» **Exercise prompt**: Every line in the entries where "your" is found should be copied.

Segment Start: Data extracts

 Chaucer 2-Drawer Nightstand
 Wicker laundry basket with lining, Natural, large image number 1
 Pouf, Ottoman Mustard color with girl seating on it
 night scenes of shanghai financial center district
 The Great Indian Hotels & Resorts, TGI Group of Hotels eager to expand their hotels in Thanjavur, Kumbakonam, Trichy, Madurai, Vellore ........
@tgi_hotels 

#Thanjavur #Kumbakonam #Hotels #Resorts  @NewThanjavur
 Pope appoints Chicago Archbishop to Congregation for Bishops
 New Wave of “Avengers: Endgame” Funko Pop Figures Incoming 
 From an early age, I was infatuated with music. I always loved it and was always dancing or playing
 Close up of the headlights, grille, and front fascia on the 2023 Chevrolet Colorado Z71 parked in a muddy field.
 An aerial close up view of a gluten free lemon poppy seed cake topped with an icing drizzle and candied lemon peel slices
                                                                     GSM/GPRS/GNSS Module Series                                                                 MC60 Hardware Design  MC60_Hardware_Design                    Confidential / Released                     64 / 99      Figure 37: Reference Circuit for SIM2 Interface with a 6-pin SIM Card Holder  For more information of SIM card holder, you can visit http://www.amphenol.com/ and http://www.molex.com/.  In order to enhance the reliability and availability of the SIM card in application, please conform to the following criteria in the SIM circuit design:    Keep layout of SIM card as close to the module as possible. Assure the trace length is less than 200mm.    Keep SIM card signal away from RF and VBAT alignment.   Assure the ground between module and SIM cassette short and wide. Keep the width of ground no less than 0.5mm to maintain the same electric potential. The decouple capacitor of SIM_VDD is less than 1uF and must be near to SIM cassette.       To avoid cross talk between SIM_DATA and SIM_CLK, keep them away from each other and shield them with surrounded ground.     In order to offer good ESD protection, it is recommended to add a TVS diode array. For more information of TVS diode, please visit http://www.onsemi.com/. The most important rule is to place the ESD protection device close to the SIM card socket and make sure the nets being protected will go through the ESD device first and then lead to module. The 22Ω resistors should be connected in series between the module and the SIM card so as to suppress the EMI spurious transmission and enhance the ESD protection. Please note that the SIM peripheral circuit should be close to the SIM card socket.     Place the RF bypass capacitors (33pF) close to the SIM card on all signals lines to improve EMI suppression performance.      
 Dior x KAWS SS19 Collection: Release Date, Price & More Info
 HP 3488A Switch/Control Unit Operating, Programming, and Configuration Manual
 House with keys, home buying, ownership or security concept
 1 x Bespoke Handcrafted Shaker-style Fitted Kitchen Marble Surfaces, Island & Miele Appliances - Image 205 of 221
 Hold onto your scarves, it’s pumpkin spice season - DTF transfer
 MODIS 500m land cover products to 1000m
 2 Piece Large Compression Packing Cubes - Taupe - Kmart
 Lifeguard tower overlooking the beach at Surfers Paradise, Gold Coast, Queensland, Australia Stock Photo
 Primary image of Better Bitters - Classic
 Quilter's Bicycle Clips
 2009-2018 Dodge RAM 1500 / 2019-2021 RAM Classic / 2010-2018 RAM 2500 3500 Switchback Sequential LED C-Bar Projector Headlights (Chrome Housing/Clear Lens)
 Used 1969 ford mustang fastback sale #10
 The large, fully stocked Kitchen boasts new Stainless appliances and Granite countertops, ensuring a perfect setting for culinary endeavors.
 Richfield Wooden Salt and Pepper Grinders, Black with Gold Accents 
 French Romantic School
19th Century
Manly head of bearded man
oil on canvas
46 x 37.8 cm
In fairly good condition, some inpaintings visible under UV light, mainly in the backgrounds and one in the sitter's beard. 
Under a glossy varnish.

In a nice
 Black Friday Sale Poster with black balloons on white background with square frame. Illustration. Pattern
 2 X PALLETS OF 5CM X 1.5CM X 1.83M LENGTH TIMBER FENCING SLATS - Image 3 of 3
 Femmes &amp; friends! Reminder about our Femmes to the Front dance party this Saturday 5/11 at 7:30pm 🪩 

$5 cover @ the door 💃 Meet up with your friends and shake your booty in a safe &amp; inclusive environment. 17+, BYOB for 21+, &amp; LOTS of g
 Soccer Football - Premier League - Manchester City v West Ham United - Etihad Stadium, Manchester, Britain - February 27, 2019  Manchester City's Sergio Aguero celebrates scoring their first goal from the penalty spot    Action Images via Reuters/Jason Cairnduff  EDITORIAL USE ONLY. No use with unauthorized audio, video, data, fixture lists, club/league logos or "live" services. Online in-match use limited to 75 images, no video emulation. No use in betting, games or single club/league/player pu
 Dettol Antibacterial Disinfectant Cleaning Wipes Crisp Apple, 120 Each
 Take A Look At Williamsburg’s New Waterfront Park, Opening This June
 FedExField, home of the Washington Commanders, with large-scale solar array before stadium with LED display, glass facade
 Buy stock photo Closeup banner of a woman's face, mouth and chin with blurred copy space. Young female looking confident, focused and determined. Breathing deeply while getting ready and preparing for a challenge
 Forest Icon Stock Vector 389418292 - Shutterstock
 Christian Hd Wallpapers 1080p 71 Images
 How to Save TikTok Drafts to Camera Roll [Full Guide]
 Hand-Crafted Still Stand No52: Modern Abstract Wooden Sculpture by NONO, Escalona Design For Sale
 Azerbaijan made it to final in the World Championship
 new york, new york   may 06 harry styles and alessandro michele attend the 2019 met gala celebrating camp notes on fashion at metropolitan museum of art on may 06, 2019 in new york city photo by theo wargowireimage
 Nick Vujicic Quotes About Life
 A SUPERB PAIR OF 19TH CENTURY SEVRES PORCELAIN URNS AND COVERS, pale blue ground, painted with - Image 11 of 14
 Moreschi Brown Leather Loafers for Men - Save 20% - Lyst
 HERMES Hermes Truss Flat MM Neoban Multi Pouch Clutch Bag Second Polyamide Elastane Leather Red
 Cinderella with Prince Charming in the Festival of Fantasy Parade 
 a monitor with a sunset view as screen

Segment End: Data extracts

» **Worked solution**:
 Hold onto your scarves, it’s pumpkin spice season - DTF transfer
$5 cover @ the door 💃 Meet up with your friends and shake your booty in a safe &amp; inclusive environment. 17+, BYOB for 21+, &amp; LOTS of g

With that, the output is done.